Run this Python code. You will see the same kind of interleaved output. The structure is a direct mapping:
*   `pthread_create` -> `threading.Thread()` + `.start()`
*   `pthread_join` -> `.join()`

In [10]:
import time


def print_numbers(n):
    """Print numbers."""
    for i in range(n):
        time.sleep(1)
        print(f"Number: {i}")


def print_letters(string):
    """Print letters."""
    for letter in string:
        time.sleep(1)
        print(f"Letter: {letter}")


### Sequential

In [12]:
import utils

def main():
    """Run code."""
    start = time.perf_counter()

    utils.print_numbers(5)
    utils.print_letters("abcde")

    end = time.perf_counter()

    print(f"Time: {round(end - start, 2)}")


if __name__ == "__main__":
    main()


Number: 0
Number: 1
Number: 2
Number: 3
Number: 4
Letter: a
Letter: b
Letter: c
Letter: d
Letter: e
Time: 10.0


### Concurrent

In [18]:
import threading
import time

import utils


def main():
    """Run code."""
    print("Main: Starting threads...")

    start = time.perf_counter()

    t1 = threading.Thread(target=utils.print_numbers, args=(5,))
    t2 = threading.Thread(target=utils.print_letters, args=("abcde",))

    t1.start()
    t2.start()

    print("Main: Threads started. Waiting for them to finish...")

    t1.join()
    t2.join()

    end = time.perf_counter()

    print("Main: Both threads have finished.")
    print(f"Time: {round(end - start, 2)}")


if __name__ == "__main__":
    main()


Main: Starting threads...
Main: Threads started. Waiting for them to finish...
Number: 0Letter: a

Letter: bNumber: 1

Number: 2
Letter: c
Number: 3
Letter: d
Number: 4Letter: e

Main: Both threads have finished.
Time: 5.01


In [20]:
!python3.14 concurrent.py

Main: Starting threads...
Main: Threads started. Waiting for them to finish...
Number: 0
Letter: a
Number: 1
Letter: b
Number: 2
Letter: c
Number: 3
Letter: d
Number: 4
Letter: e
Main: Both threads have finished.
Time: 5.01


Now, for the crucial production-level insight.
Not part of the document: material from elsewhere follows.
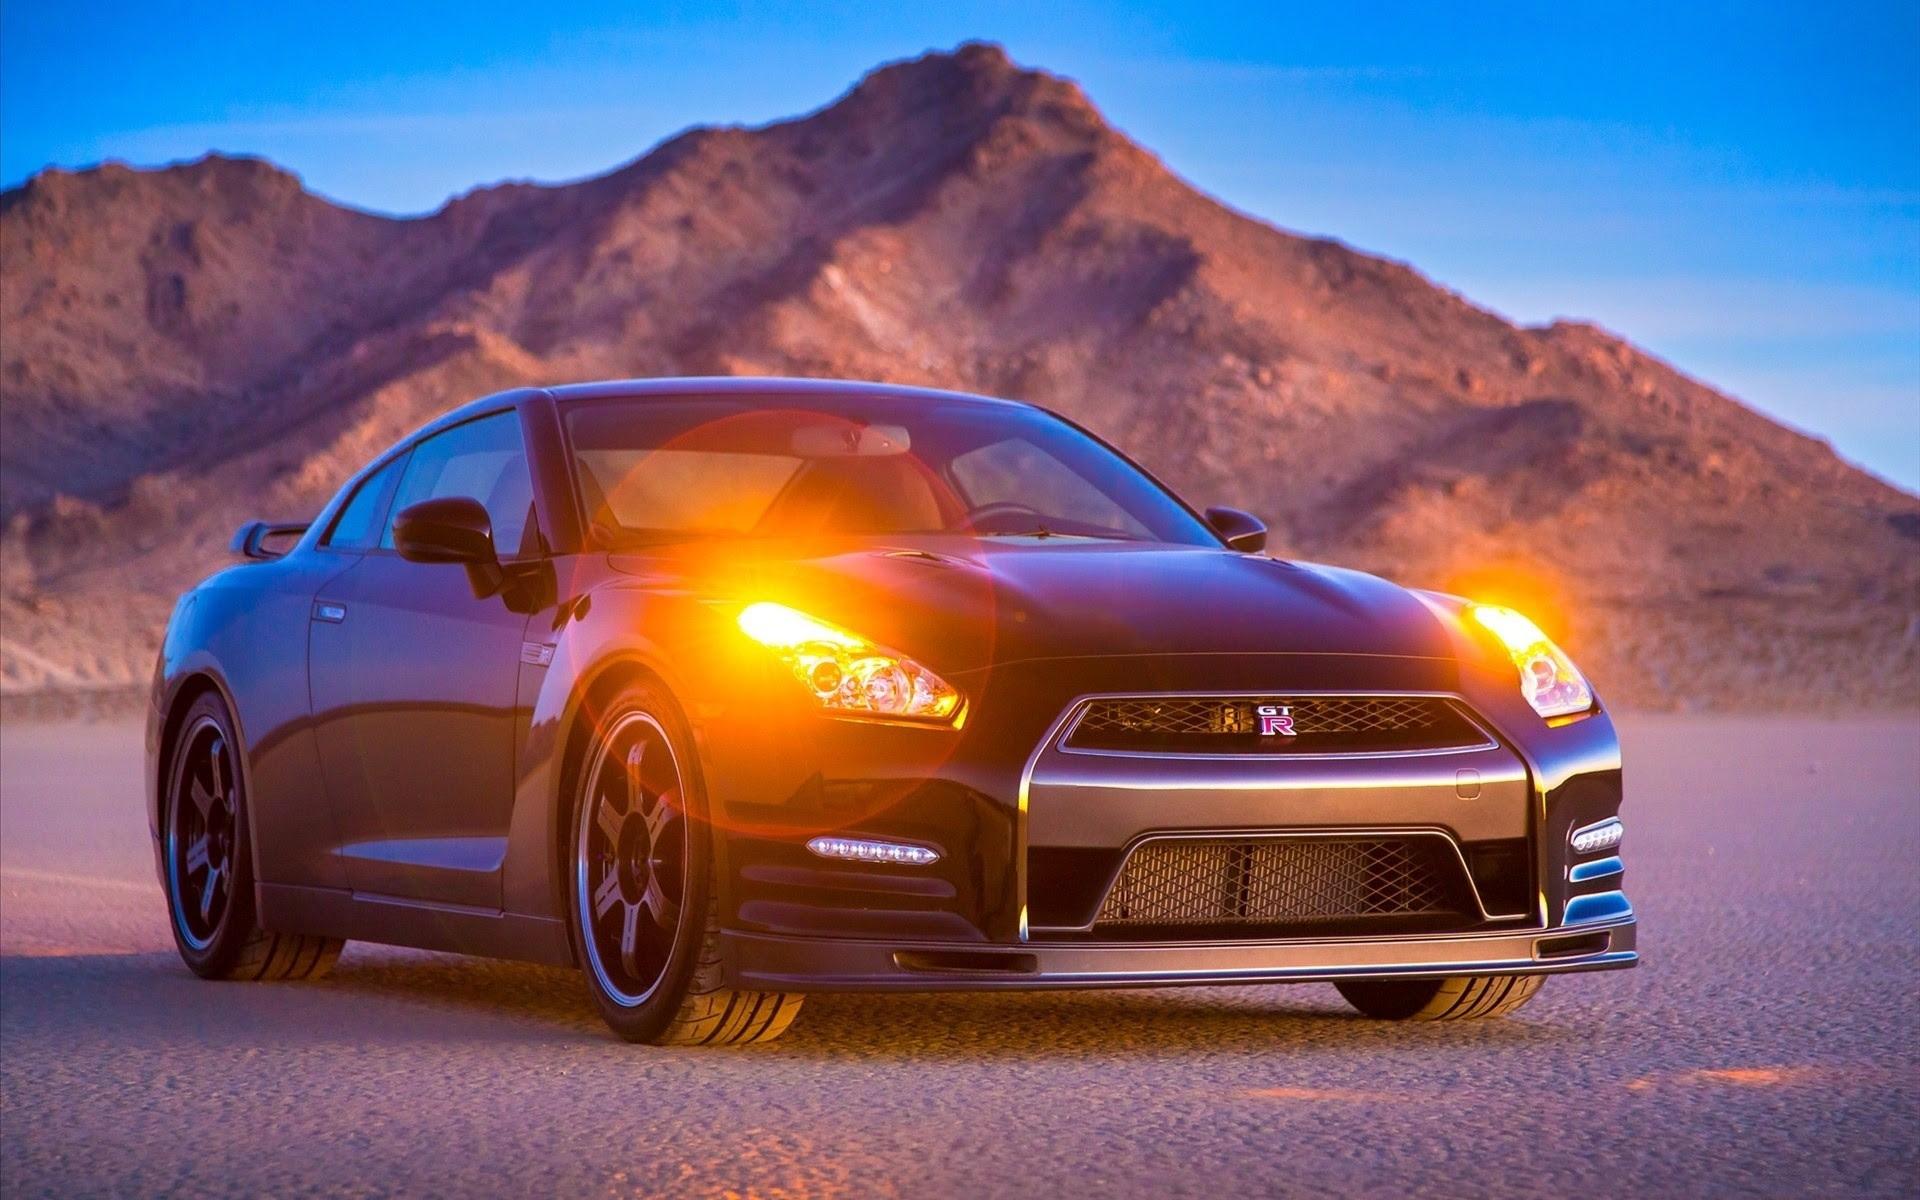 Nissan GTR In Desert, HD Cars, 4k Wallpapers, Images ...

In Python 3.14t with free-threading, these `print_letters` and `print_numbers` threads can run on *different CPU cores simultaneously*. The `print` function, however, involves a shared resource: the standard output (`stdout`). The Python interpreter internally uses a lock to make `stdout` thread-safe, so you don't get garbled output like "LNumettbeer: r A: 0". This is an example of the interpreter handling one class of thread-safety for you.

## My turn

Your task is to write the Python equivalent of our chaotic C program. Take the Python code and modify it. Replace `time.sleep` with a CPU-bound calculation (like calculating a Fibonacci number or doing many math operations) to see the true concurrency.

Your goal is to create a file, `concurrent_chaos.py`, where:

1.  Two threads run concurrently: one prints letters (A-Z), the other prints numbers (0-25).
2.  You replace `time.sleep` with a CPU-intensive task (e.g., a loop that calculates a sum, a factorial, or simulates work like we did with the `volatile double` in C).
3.  You introduce **variability** in the amount of work done between prints, so the thread scheduling becomes truly non-deterministic across multiple runs.